My wife says Ehrlich's THE POPULATION BOMB was the scariest book she ever read. It's on my list.

I remember Ehrlich from my undergraduate days and often think of the idea of carrying capacity during PO discussions. But, here we have something more than the ecological notion of carrying capacity. And, something a bit more worrying. Petroleum. as an energy source represents a species peak. of sorts, in the exploitation of stored carbon through the use of rather ingenious technologies that got rolling about nine or ten thousand years ago. First corn (grains generally) for a long long time, then coal, and then petroleum. Each of these had their own malthusian scare in there time (Malthus for corn, William STanley Jevons for coal (in the 19th century) see: http://www-dse.ec.unipi.it/luzzati/italiano/didattica/jevonsparadox.htm, for more info on Jevons). And Hubbert for oil.

We have achieved so much because of our capacity to exploit the energy stored in carbon-based sources and the have refined that technology over the millenia to the present. Now, we have about 6 billion people, all here because the of unique carbon-based energy storage characteritics of petroleum and related products and our technoligies for exploiting them.
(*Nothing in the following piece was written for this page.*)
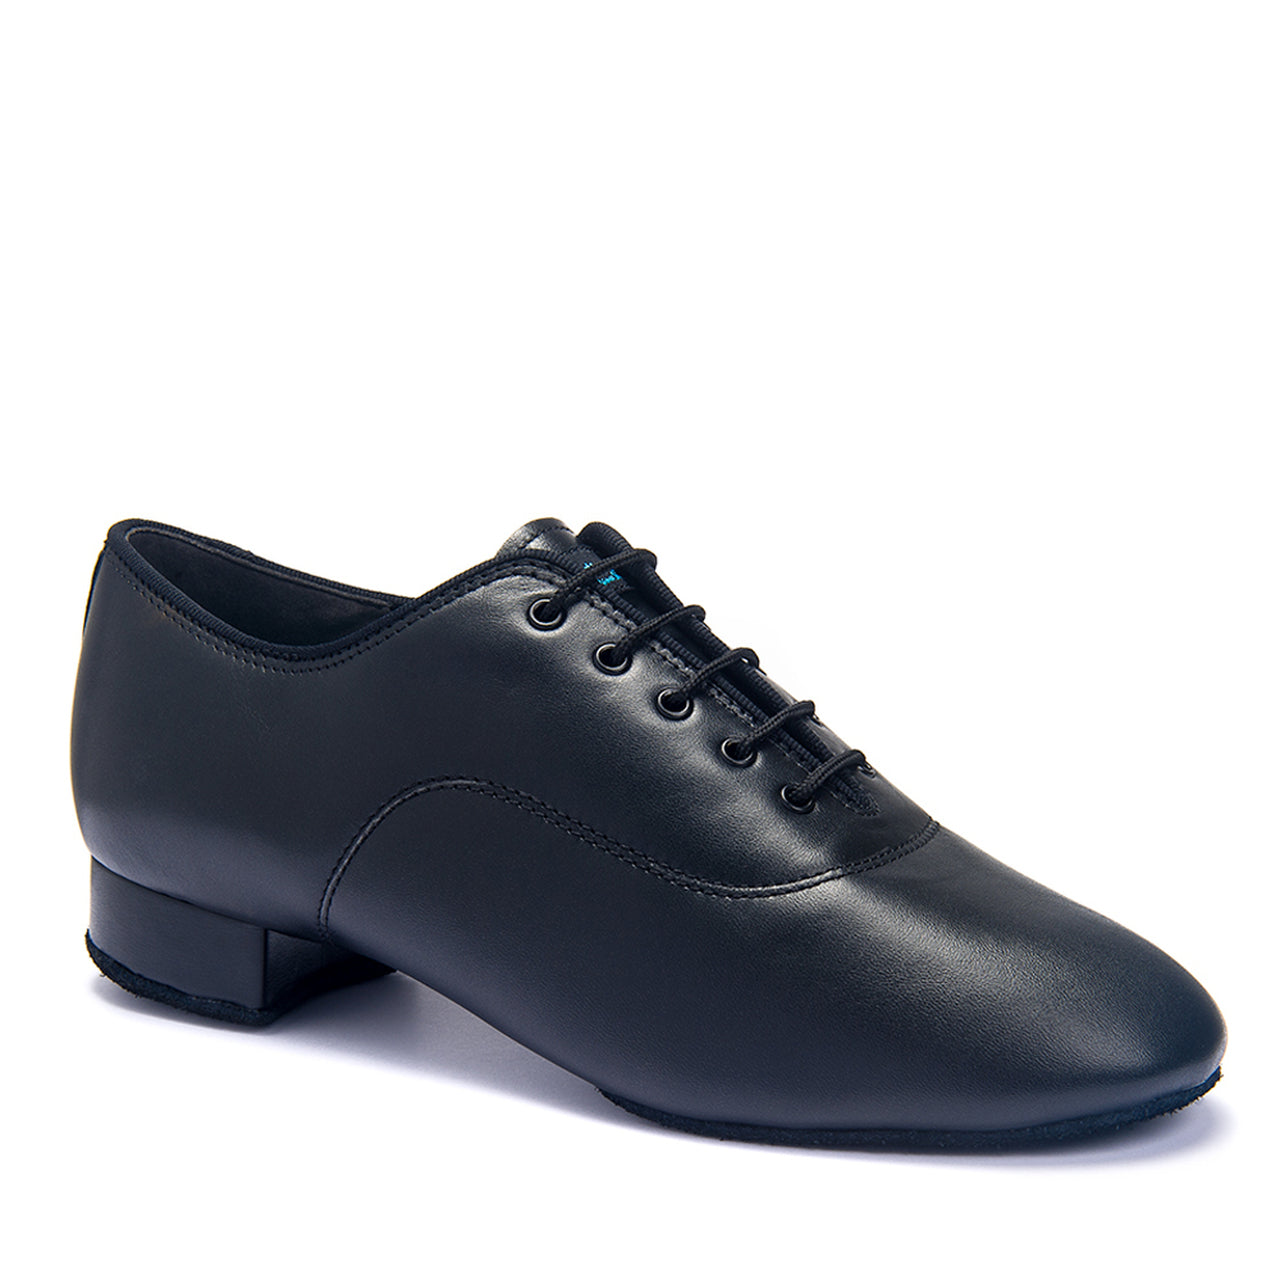 International Dance Shoes IDS Tango Men's Standard Ballroom Shoe Available in Black Calf or Black Patent

Carbon-based energy technologies have greatly expanded our ability to support ourselves, to a level well beyond that of the notion of an ecological carrying capacity (as applied to all other species).

Will there be a carbon-based energy source to replace carbon and allow an even more intensive exploitation of the human ecosystem (what's left of it)... I have yet to see any suggestions that there is.

As for gaining at the exense of others, as a species we are already only gaining now only by killing off most other mammals and many non-mammals as well.